• _Assigned task_
Your job is to set down the stretch of entries that opens with the line containing "Arystoteles Źródło: licencja: CC 0." and closes with the line containing "Daring Adventures - Richard Thompson". Keep both end lines, copy each exactly, and add nothing.

• _Dataset items_

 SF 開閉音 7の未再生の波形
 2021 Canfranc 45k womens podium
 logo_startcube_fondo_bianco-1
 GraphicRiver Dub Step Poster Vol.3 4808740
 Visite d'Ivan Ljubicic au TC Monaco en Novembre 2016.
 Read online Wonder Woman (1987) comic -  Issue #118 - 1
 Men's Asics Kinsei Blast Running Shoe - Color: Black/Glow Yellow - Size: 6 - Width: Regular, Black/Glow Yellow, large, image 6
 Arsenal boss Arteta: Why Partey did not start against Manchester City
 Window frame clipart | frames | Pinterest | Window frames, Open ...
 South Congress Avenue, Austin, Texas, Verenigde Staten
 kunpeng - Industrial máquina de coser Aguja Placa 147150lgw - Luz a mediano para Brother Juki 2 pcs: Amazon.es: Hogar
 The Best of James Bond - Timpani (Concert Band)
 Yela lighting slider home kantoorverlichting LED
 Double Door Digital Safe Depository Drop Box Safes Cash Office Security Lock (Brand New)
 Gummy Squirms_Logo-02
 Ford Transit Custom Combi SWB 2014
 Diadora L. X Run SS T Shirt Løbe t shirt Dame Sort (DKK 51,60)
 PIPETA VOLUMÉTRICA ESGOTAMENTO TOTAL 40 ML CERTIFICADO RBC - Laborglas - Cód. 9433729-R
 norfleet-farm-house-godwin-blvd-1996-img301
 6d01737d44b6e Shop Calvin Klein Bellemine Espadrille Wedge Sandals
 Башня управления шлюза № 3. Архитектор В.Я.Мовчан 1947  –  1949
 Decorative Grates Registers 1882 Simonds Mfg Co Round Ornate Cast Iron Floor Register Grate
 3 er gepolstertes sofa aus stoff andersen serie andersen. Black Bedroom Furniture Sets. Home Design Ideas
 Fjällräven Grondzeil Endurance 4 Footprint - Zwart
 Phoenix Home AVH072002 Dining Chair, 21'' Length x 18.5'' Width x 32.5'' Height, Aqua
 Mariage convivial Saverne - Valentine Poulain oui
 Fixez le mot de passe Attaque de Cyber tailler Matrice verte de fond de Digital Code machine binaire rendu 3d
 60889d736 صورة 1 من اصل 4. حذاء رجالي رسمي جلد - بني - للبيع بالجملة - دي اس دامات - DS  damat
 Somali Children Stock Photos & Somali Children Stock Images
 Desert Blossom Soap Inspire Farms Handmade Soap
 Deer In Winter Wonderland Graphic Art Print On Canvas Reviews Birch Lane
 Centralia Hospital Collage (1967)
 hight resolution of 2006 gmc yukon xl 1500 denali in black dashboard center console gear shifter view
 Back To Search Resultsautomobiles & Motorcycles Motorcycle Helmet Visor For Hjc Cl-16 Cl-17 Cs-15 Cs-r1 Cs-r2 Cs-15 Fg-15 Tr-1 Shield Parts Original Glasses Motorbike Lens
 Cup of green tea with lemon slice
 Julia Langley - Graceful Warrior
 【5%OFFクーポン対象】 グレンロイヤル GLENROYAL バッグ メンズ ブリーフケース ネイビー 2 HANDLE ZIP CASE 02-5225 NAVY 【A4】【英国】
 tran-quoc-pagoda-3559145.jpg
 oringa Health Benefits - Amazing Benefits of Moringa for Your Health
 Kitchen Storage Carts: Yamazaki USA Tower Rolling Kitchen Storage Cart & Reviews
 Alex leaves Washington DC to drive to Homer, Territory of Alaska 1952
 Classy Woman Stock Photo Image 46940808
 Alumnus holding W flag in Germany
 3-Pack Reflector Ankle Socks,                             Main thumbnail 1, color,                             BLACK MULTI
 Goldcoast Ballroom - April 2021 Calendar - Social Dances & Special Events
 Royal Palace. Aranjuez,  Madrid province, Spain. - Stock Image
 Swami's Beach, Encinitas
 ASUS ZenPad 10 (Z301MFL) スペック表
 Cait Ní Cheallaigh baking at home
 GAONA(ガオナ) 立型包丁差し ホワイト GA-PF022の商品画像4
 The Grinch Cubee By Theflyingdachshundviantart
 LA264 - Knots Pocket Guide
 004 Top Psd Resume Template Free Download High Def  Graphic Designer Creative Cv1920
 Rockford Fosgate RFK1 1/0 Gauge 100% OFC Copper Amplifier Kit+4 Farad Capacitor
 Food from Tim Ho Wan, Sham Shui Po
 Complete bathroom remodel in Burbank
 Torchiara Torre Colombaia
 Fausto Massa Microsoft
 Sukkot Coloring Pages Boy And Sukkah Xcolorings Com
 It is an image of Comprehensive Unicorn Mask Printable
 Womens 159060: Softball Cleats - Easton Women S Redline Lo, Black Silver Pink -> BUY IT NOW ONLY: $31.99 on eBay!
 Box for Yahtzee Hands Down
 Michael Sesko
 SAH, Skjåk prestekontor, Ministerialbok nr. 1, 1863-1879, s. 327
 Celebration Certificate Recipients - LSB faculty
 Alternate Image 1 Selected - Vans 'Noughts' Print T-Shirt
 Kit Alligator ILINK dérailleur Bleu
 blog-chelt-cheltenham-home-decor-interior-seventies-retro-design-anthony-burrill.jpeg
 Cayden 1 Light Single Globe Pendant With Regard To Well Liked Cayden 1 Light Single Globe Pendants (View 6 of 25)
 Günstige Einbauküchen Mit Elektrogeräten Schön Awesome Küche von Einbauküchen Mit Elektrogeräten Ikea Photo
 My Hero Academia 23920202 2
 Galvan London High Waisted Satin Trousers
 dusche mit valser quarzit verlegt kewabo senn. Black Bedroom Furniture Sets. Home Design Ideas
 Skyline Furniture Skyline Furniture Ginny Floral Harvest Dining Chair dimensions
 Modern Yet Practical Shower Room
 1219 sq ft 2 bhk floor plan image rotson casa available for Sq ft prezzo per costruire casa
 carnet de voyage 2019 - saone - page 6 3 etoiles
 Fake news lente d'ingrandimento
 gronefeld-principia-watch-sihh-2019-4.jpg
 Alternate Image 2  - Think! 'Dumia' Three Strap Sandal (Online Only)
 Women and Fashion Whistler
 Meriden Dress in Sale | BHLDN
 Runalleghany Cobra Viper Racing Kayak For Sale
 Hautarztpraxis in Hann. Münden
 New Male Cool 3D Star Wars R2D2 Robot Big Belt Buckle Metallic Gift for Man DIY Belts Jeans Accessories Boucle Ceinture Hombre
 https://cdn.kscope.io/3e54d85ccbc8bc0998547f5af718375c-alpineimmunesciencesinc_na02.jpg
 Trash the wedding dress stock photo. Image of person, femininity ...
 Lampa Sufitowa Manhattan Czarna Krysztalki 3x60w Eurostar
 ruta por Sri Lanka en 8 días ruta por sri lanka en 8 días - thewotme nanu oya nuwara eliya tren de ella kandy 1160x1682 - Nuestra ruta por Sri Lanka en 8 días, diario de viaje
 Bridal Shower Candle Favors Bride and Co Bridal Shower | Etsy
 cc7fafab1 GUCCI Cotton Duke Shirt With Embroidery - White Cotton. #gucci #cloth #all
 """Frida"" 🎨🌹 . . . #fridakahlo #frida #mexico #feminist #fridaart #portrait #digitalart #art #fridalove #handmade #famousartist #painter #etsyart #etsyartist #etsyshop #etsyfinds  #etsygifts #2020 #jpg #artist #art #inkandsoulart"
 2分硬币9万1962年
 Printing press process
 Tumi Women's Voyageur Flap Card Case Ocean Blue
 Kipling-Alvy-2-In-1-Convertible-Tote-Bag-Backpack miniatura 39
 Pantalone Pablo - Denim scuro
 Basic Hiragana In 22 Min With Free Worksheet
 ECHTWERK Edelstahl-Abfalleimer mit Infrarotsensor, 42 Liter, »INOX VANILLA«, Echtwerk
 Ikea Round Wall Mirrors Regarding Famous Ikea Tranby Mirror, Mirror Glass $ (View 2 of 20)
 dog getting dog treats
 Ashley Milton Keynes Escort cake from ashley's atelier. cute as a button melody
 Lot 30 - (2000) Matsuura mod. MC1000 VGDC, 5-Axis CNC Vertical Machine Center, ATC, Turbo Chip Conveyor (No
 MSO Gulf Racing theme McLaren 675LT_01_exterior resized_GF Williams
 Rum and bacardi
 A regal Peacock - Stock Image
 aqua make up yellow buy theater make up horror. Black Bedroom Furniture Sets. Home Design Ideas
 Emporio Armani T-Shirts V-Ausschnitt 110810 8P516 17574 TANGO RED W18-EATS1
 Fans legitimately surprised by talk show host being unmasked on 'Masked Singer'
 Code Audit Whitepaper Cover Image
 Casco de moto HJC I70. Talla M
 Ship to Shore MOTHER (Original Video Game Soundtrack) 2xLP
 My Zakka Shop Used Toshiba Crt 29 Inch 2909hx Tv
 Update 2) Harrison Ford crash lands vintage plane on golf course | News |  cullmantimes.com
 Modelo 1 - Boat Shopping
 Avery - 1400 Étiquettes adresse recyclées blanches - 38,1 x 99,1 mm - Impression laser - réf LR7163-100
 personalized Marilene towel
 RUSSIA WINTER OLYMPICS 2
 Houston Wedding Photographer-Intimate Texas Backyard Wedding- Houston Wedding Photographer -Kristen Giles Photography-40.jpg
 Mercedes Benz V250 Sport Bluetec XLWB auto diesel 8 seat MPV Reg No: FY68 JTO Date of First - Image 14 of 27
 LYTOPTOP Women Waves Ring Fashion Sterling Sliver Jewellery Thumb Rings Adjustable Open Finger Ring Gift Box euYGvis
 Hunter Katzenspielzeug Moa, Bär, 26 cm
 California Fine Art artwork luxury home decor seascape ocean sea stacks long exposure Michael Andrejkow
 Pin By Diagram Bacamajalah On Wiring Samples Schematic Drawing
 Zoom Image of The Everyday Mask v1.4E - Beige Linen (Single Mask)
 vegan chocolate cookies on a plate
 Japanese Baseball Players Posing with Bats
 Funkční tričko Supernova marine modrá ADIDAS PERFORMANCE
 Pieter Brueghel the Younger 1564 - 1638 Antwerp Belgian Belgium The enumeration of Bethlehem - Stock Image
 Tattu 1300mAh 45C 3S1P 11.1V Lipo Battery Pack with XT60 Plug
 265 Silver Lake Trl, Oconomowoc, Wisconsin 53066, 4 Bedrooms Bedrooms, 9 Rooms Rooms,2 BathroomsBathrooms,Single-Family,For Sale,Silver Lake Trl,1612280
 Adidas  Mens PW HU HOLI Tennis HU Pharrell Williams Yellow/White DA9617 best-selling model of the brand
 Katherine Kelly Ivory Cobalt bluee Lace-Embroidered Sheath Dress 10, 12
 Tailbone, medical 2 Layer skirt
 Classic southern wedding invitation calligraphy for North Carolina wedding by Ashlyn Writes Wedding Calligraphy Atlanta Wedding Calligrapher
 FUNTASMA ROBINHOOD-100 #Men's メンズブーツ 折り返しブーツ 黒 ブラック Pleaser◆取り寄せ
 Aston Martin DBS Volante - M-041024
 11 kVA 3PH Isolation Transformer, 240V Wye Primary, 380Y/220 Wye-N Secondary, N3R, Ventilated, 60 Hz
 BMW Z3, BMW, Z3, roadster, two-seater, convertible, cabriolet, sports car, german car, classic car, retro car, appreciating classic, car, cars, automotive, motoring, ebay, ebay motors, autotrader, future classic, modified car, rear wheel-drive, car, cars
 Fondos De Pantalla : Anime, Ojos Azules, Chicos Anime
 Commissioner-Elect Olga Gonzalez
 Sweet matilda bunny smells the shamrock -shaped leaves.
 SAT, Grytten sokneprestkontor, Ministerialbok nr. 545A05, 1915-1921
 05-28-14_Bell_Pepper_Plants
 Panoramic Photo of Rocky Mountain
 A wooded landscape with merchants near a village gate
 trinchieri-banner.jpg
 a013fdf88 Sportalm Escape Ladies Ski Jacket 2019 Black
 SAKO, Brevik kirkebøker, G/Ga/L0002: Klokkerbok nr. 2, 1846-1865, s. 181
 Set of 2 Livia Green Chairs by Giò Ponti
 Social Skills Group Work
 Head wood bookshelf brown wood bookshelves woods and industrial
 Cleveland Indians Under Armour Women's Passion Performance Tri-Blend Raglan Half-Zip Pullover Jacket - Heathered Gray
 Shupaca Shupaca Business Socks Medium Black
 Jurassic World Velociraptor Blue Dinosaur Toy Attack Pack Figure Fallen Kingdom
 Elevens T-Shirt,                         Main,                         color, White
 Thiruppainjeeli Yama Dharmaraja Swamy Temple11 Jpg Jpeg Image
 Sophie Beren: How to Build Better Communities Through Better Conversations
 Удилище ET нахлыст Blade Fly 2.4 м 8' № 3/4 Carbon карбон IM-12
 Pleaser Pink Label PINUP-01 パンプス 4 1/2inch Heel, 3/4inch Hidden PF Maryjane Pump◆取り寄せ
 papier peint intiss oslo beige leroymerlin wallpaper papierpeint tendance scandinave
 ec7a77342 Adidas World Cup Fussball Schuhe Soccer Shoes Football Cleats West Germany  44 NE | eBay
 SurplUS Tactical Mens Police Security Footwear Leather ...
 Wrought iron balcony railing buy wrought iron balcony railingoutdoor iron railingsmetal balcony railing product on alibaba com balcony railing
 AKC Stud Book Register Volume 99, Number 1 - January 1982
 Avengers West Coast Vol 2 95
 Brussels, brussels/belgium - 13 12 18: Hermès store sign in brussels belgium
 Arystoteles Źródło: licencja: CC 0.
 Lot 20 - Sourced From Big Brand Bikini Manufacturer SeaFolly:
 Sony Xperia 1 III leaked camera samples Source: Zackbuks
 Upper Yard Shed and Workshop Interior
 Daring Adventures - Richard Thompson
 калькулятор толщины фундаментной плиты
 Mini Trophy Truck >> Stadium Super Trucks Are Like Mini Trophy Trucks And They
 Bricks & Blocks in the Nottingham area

• _Exercise answer_
 Arystoteles Źródło: licencja: CC 0.
 Lot 20 - Sourced From Big Brand Bikini Manufacturer SeaFolly:
 Sony Xperia 1 III leaked camera samples Source: Zackbuks
 Upper Yard Shed and Workshop Interior
 Daring Adventures - Richard Thompson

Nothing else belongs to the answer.